All of the data should be reproduced word for word, though its pictures must be omitted.

▶ [Dataset section]
-- Opening Marker --
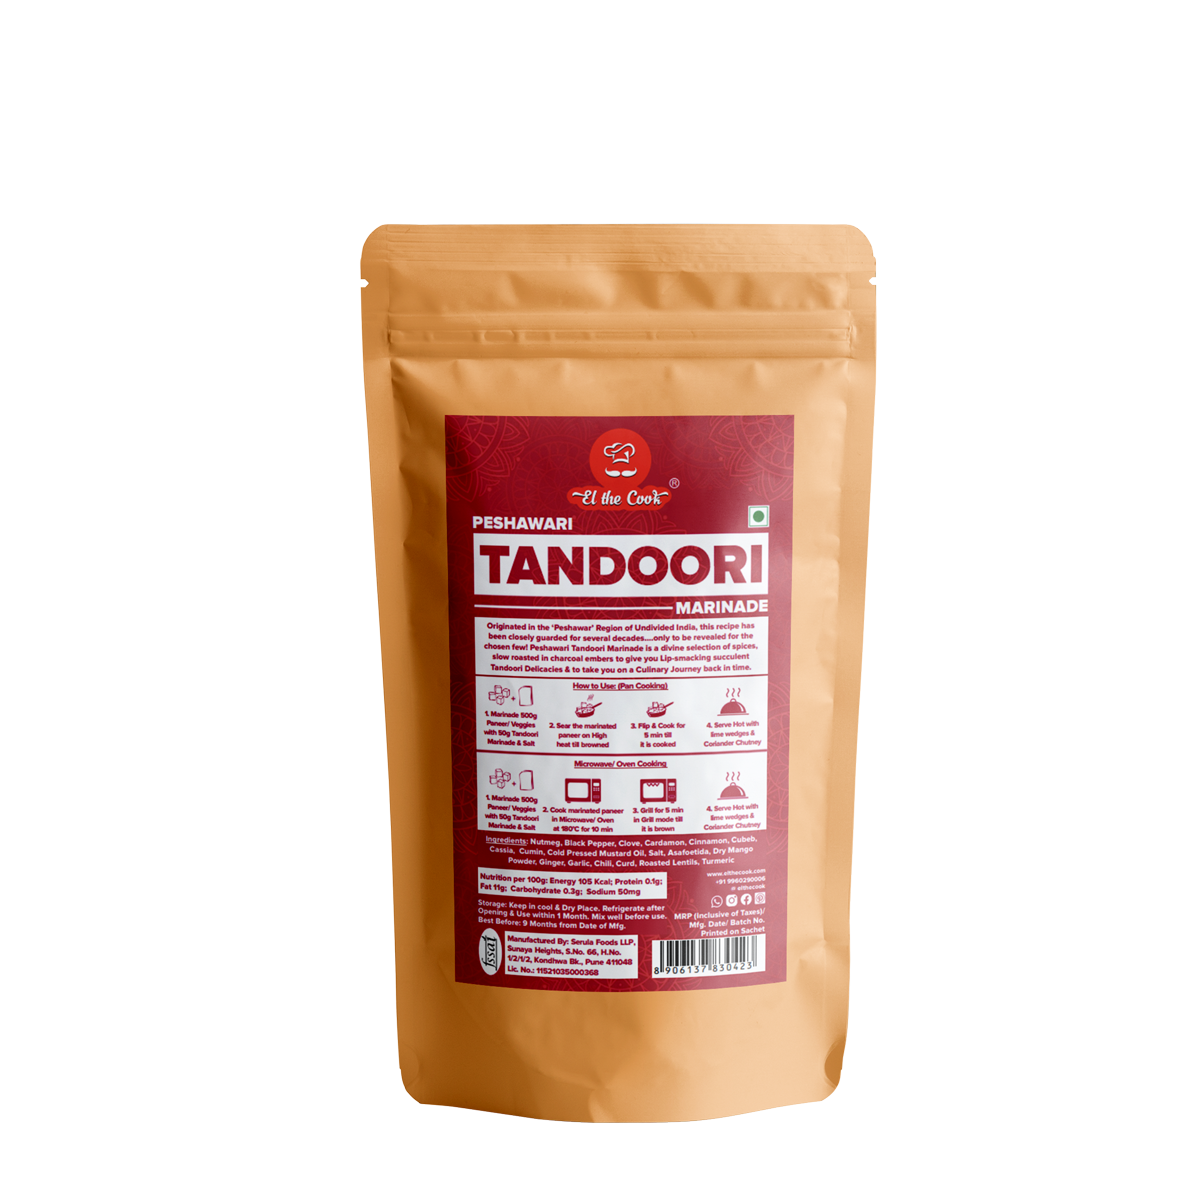 Tandoori Veg Paste 50g x 2 Pack
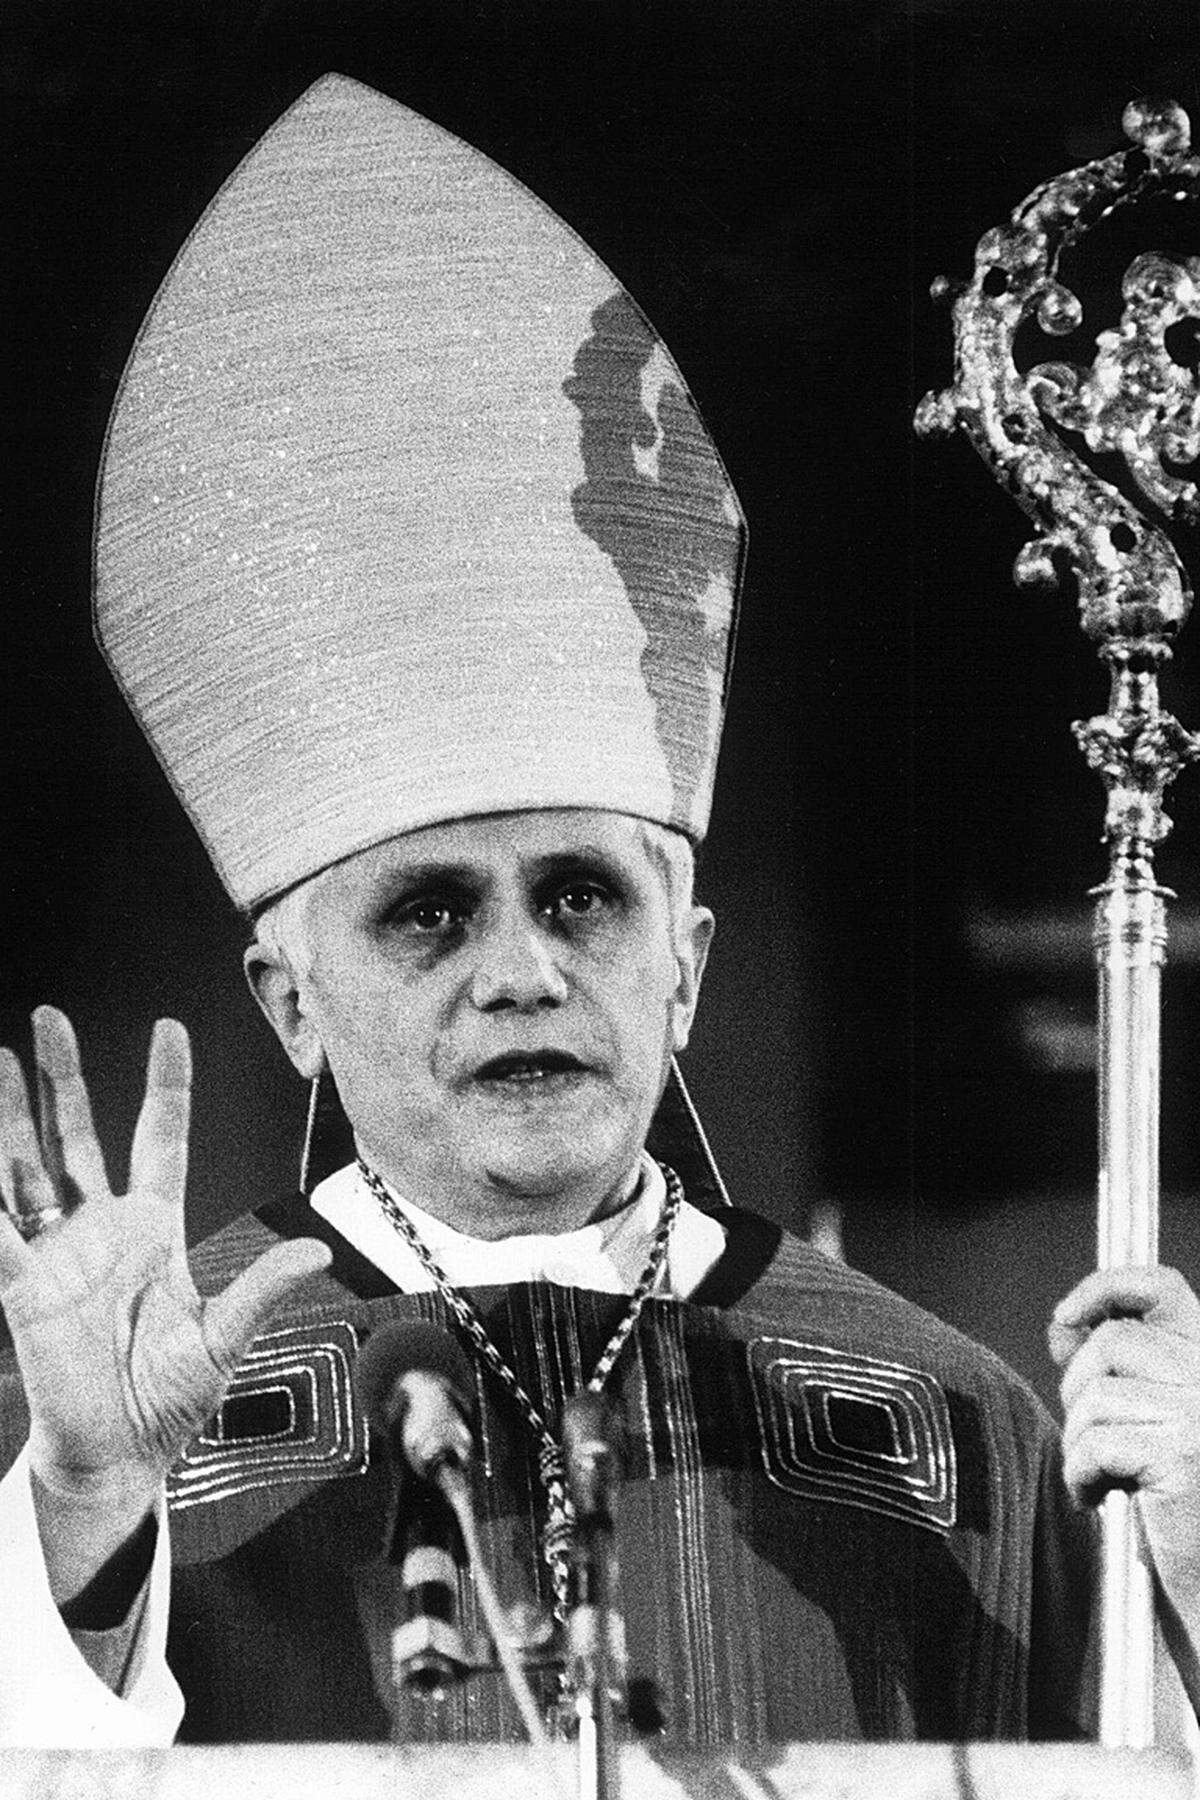 Papst Johannes Paul II. holte Ratzinger nach nur vier Jahren in der bayrischen Metropole zu sich nach Rom. "München ist wichtig", sagte der Papst - aber "die Weltkirche ist wichtiger".
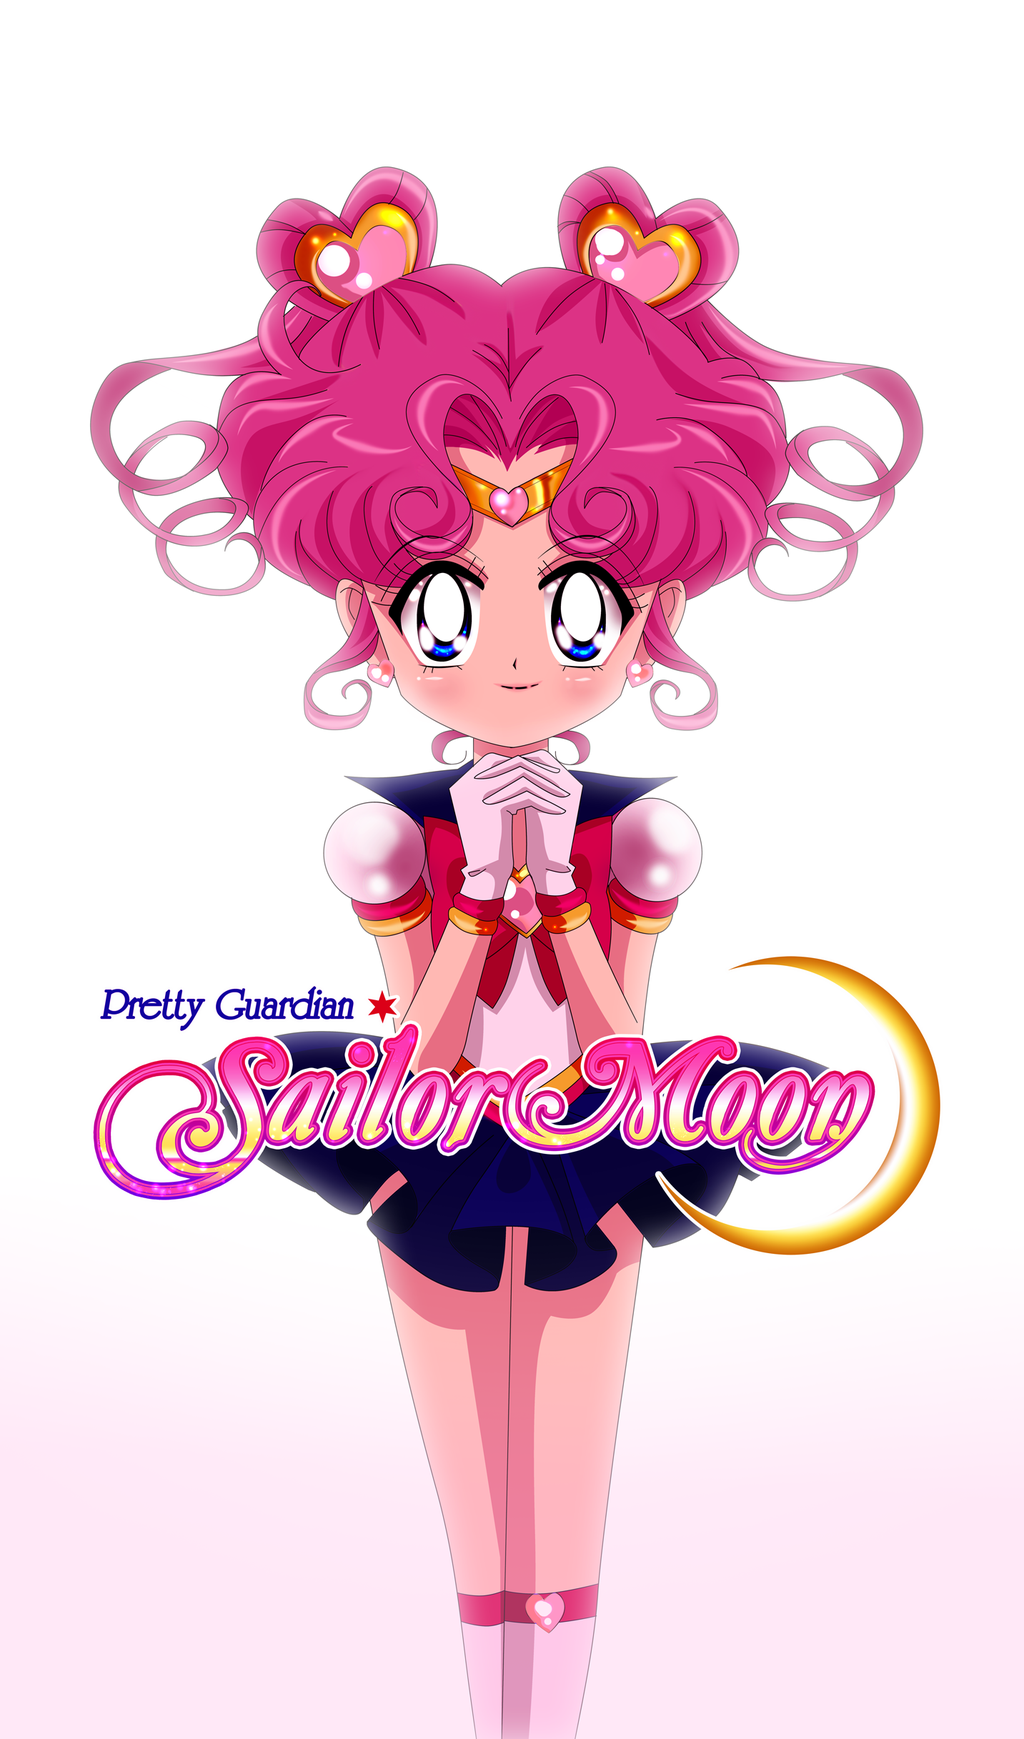 Chibi chibi. Sailor chibi moon, Sailor mini moon, Sailor moon character
-- Closing Marker --
▶ [Result]
 Tandoori Veg Paste 50g x 2 Pack
 Papst Johannes Paul II. holte Ratzinger nach nur vier Jahren in der bayrischen Metropole zu sich nach Rom. "München ist wichtig", sagte der Papst - aber "die Weltkirche ist wichtiger".
 Chibi chibi. Sailor chibi moon, Sailor mini moon, Sailor moon character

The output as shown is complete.